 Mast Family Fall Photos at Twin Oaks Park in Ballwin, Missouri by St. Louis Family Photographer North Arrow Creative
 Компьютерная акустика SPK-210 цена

==

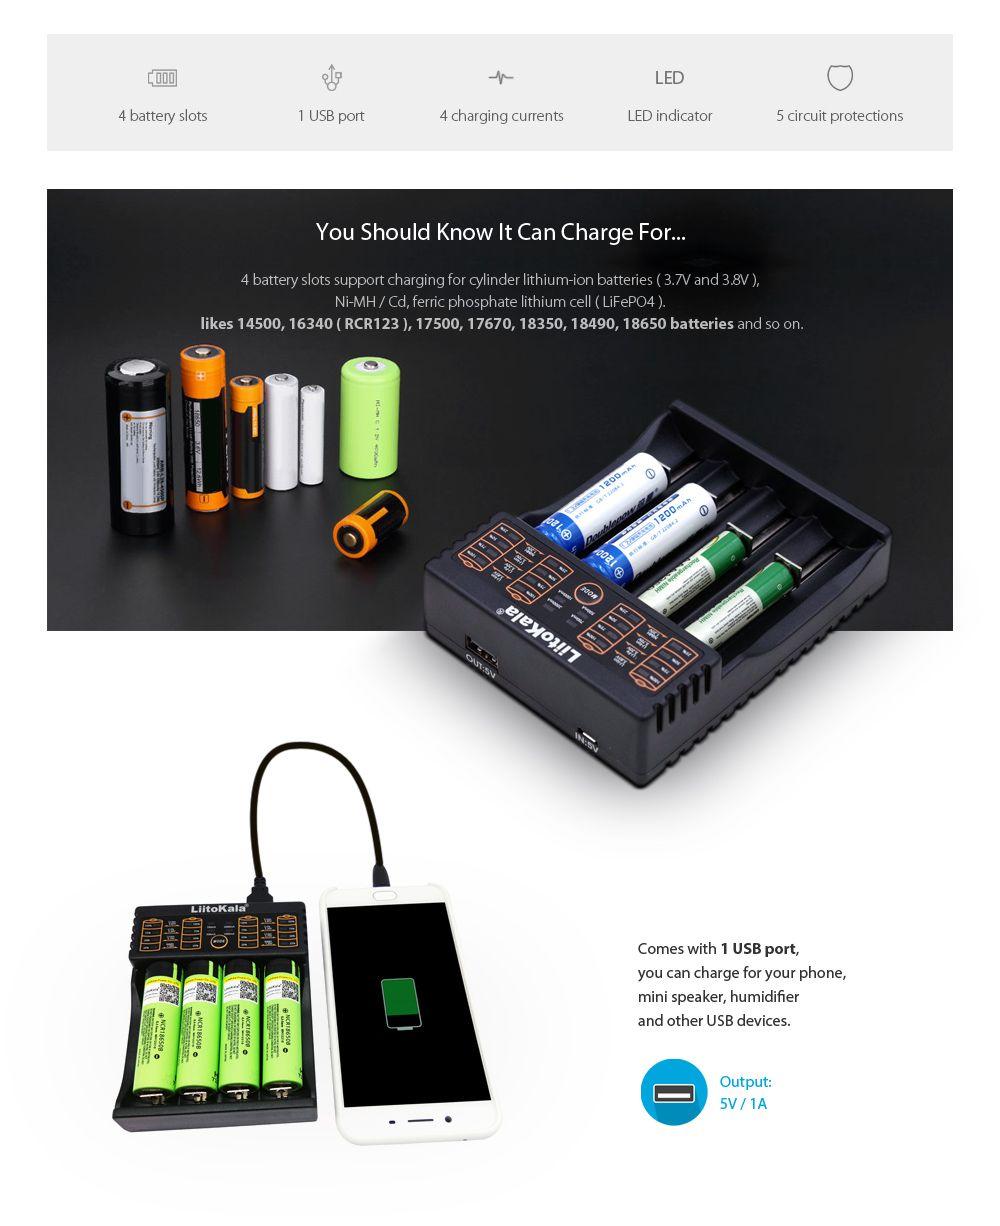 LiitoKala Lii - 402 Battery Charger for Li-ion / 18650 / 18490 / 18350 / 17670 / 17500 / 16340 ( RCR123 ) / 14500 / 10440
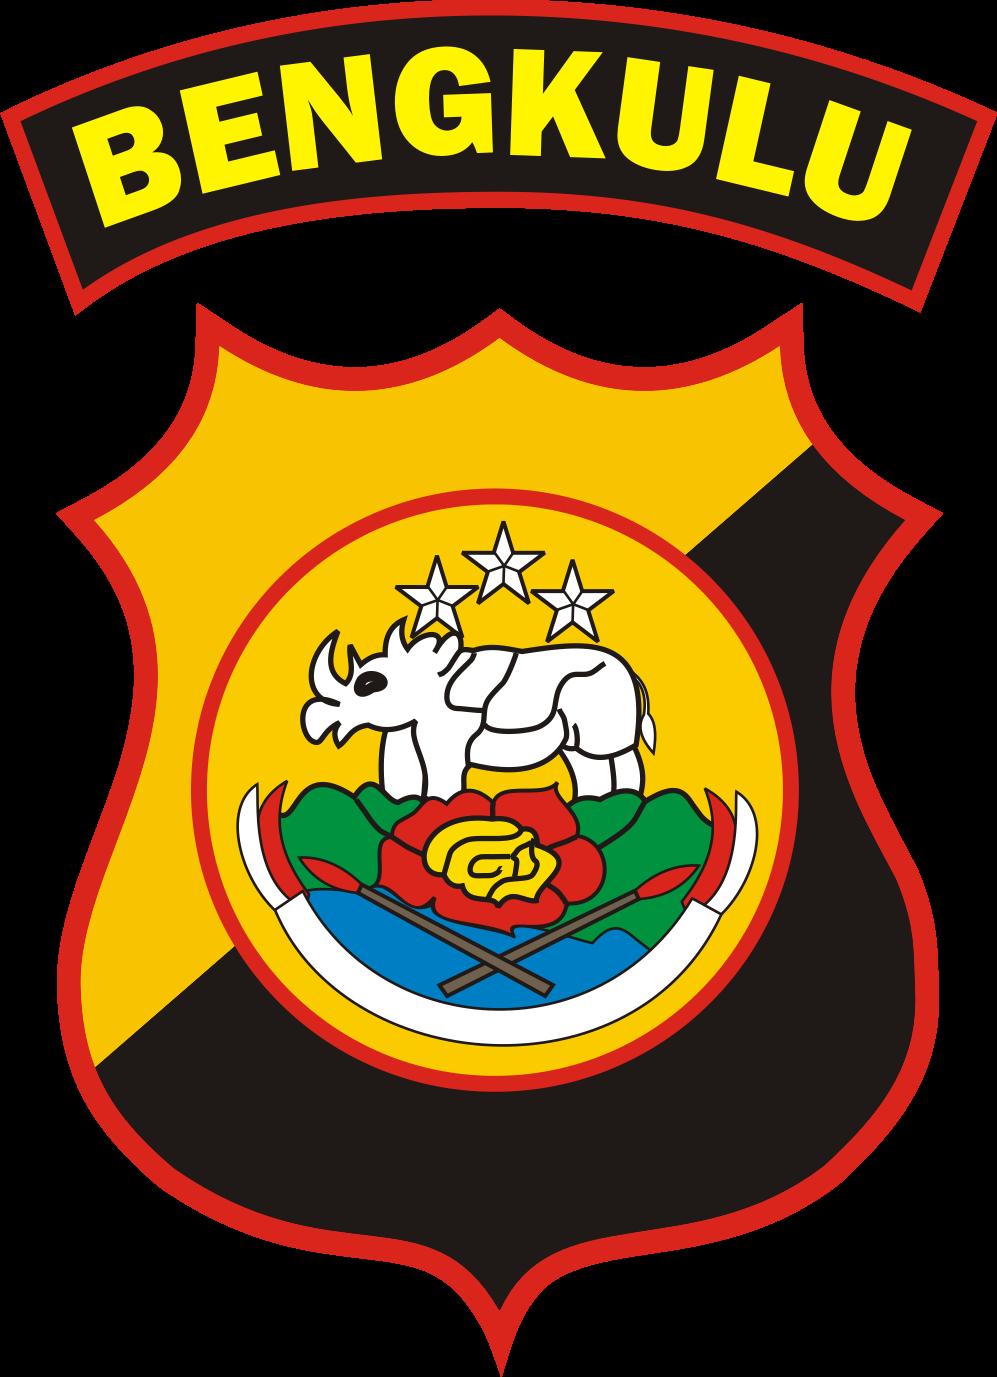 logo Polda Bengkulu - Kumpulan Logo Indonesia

**WORK TO BE COMPLETED:**
Within the listing above, locate the line containing "Mast Family Fall" and the line containing "Компьютерная акустика SPK-210 цена". Reproduce those two lines and all lines between them exactly, with nothing added.

**OUTPUT BELOW:**
 Mast Family Fall Photos at Twin Oaks Park in Ballwin, Missouri by St. Louis Family Photographer North Arrow Creative
 Компьютерная акустика SPK-210 цена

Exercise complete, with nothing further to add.